Physical dependence is a state of being that is manifested by a drug class specific withdrawal syndrome that can be produced by abrupt cessation, rapid dose reduction, decreasing blood level of the drug, and/or administration of an antagonist.

Tolerance is the body's physical adaptation to a drug: greater amounts of the drug are required over time to achieve the initial effect as the body "gets used to" and adapts to the intake.
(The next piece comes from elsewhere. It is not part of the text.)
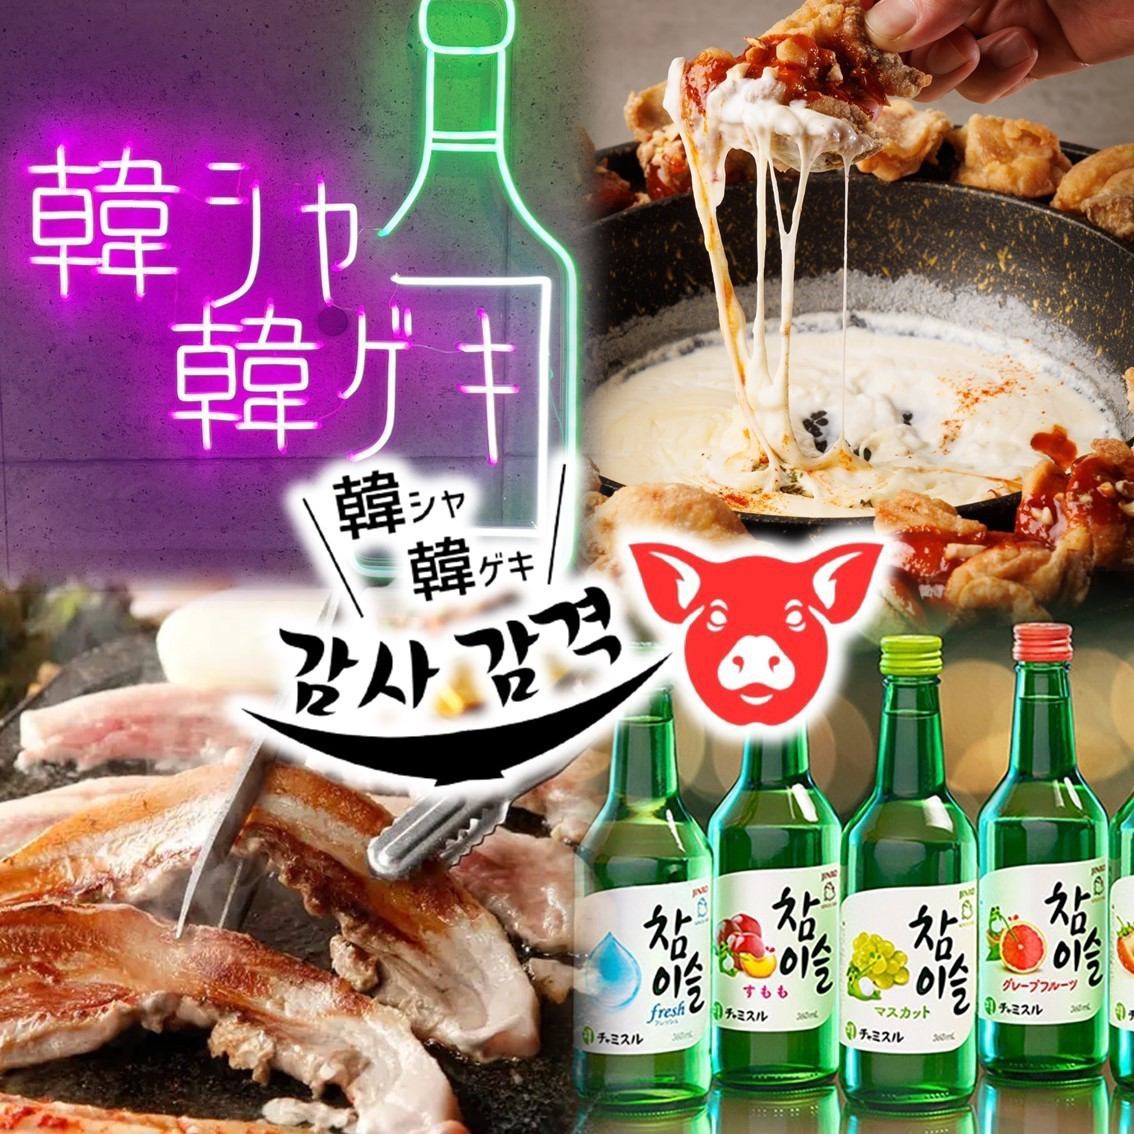 周六、周日、节假日从14:00开始营业！！最适合午餐喝饮料的韩国餐厅♪
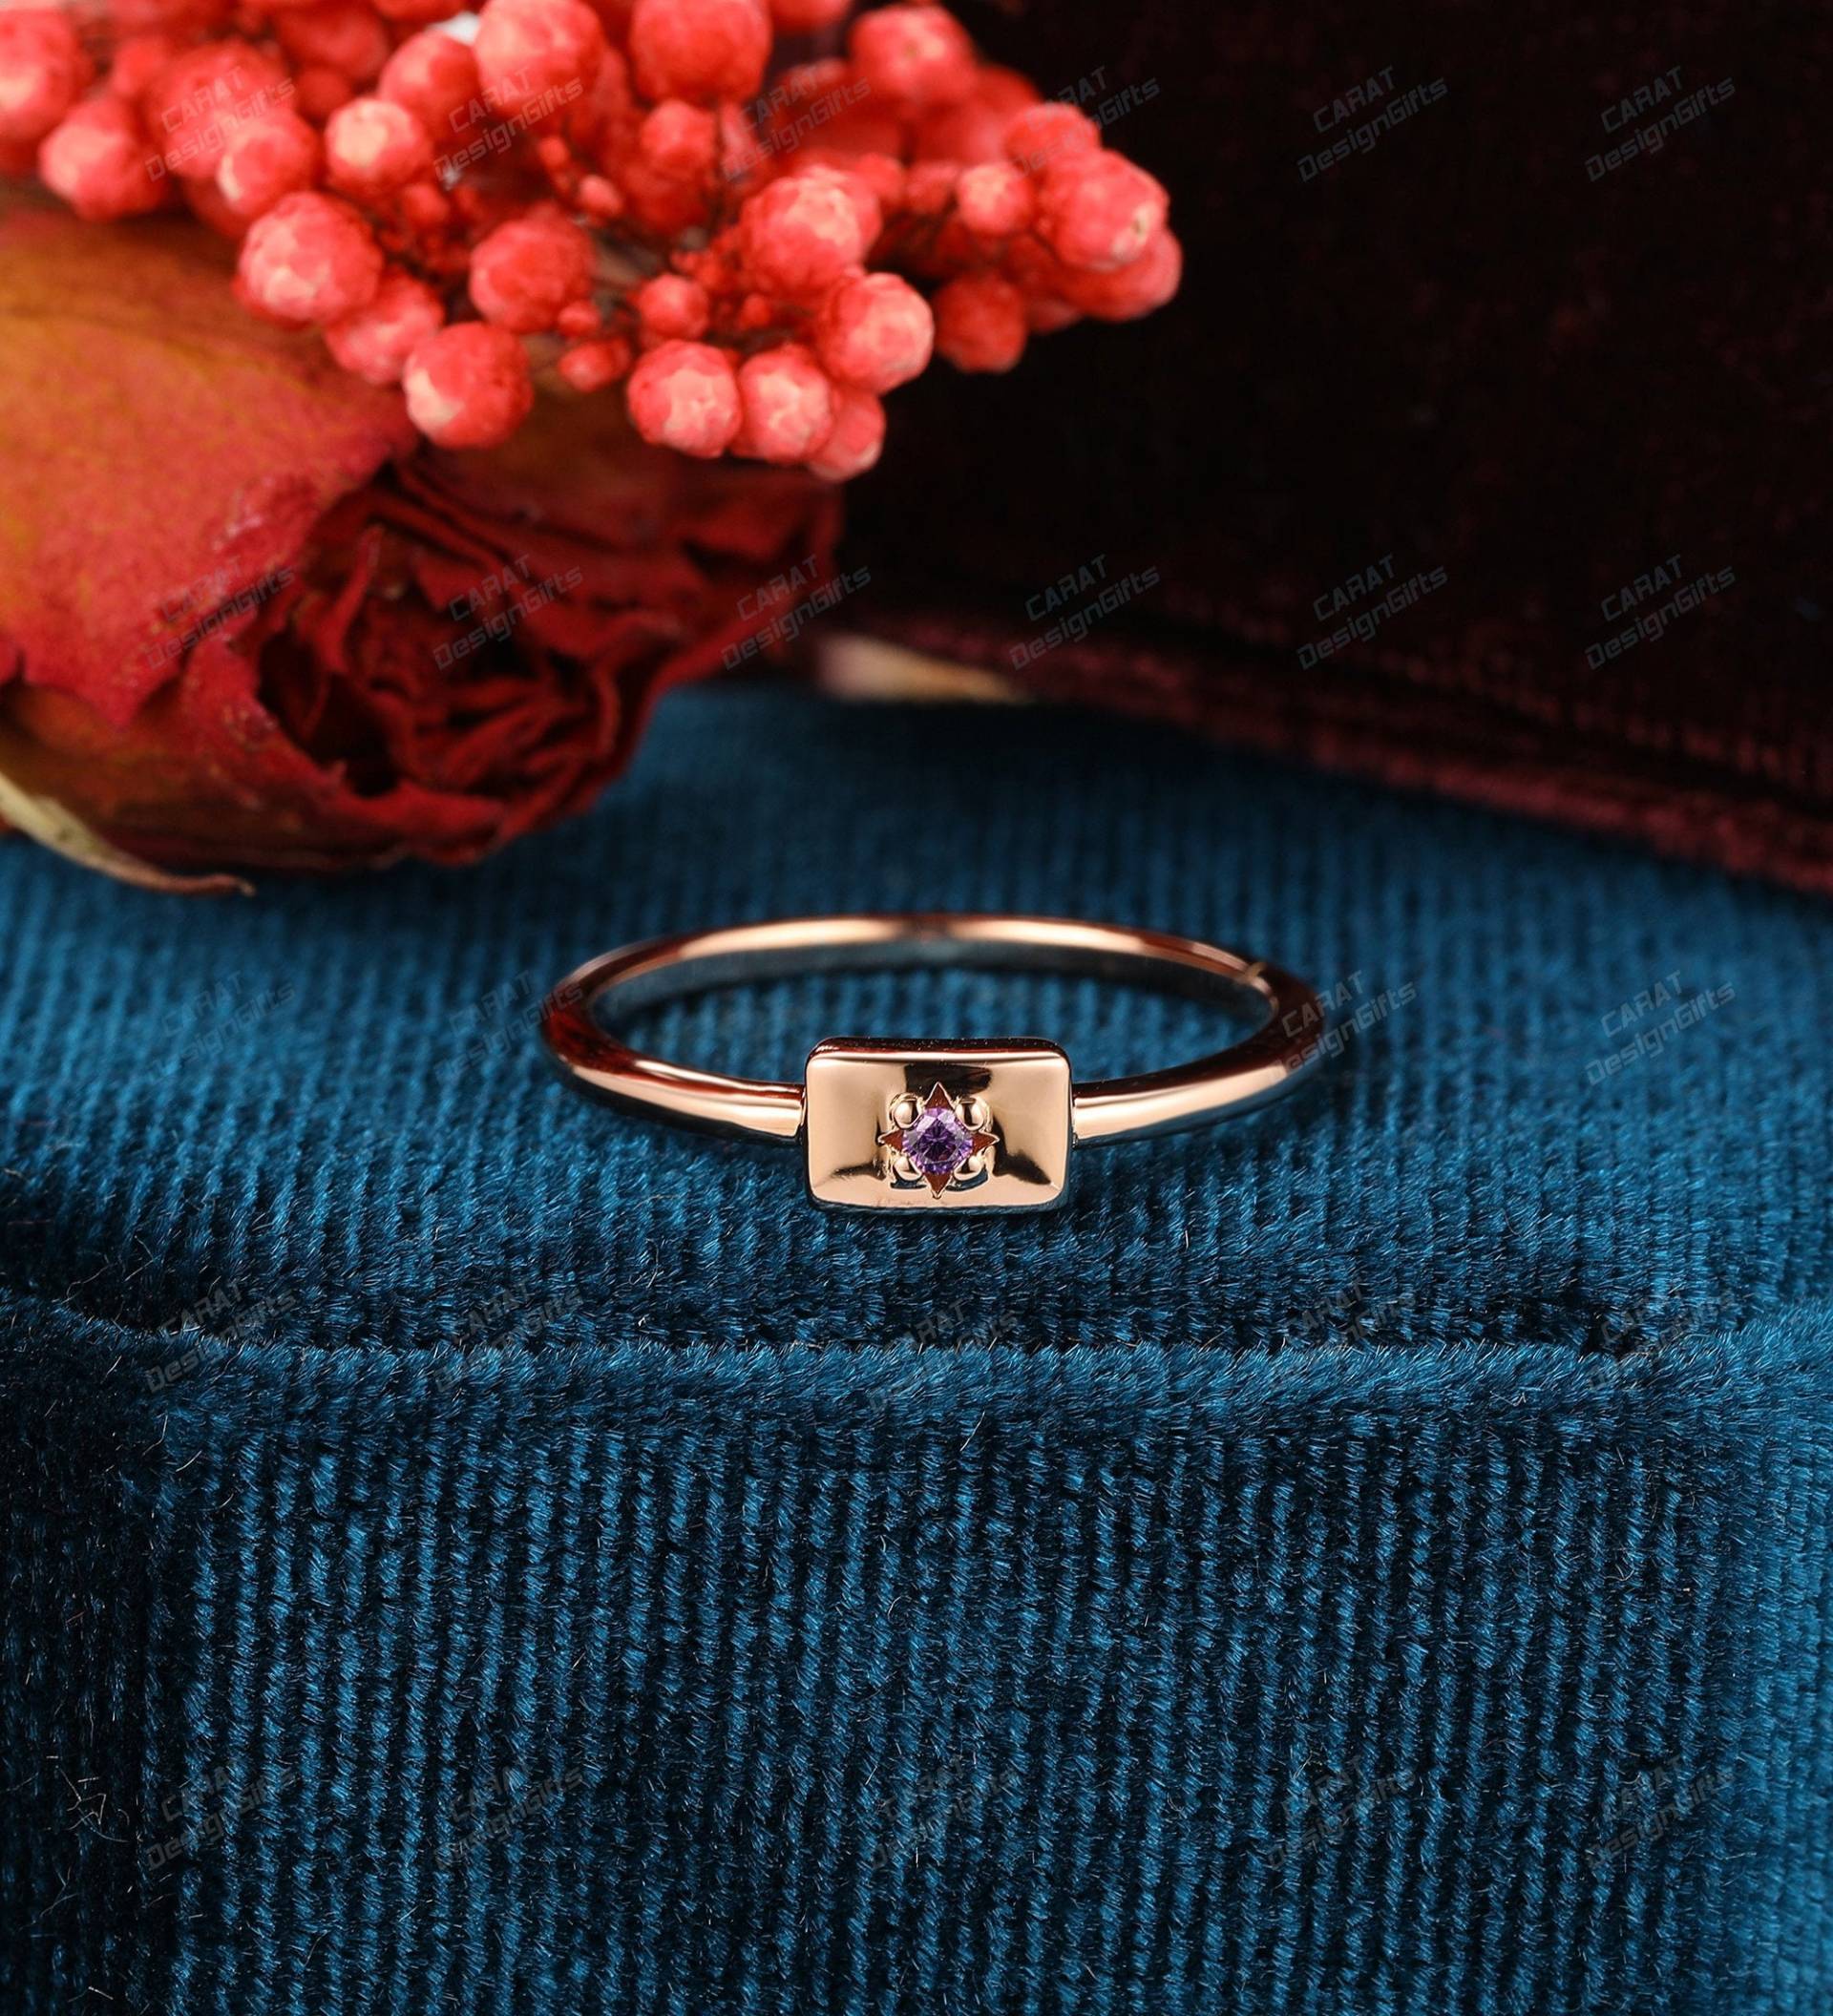 Zarter Edelstein Ring, Natürlicher Amethyst Verlobungsring, Einzigartiger Handgemachter Geburtstagsgeschenk, Massiver Rose Gold Ring, Individueller von CaratDesignGifts

Pseudo addiction is a term which has been used to describe patient behaviors that may occur when pain is undertreated. Patients with unrelieved pain may become focused on obtaining medications, may "clock watch," and may otherwise seem inappropriately "drug seeking." Even such behaviors as illicit drug use and deception can occur in the patient's efforts to obtain relief. Pseudoaddiction can be distinguished from true addiction in that the behaviors resolve when pain is effectively treated.
A definition of addiction proposed by professor Nils Bejerot:
An emotional fixation (sentiment) acquired through learning, which intermittently or continually expresses itself in purposeful, stereotyped behavior with the character and force of a natural drive, aiming at a specific pleasure or the avoidance of a specific discomfort.[4]
http://en.wikipedia.org/wiki/Substance_dependence
To say it more succinctly, pain patients don't want to take their meds - they have to for a medically therapeutic reason. Addicts want to take/abuse a drug for its effects without a medical reason, and can't wait for the next/higher dose.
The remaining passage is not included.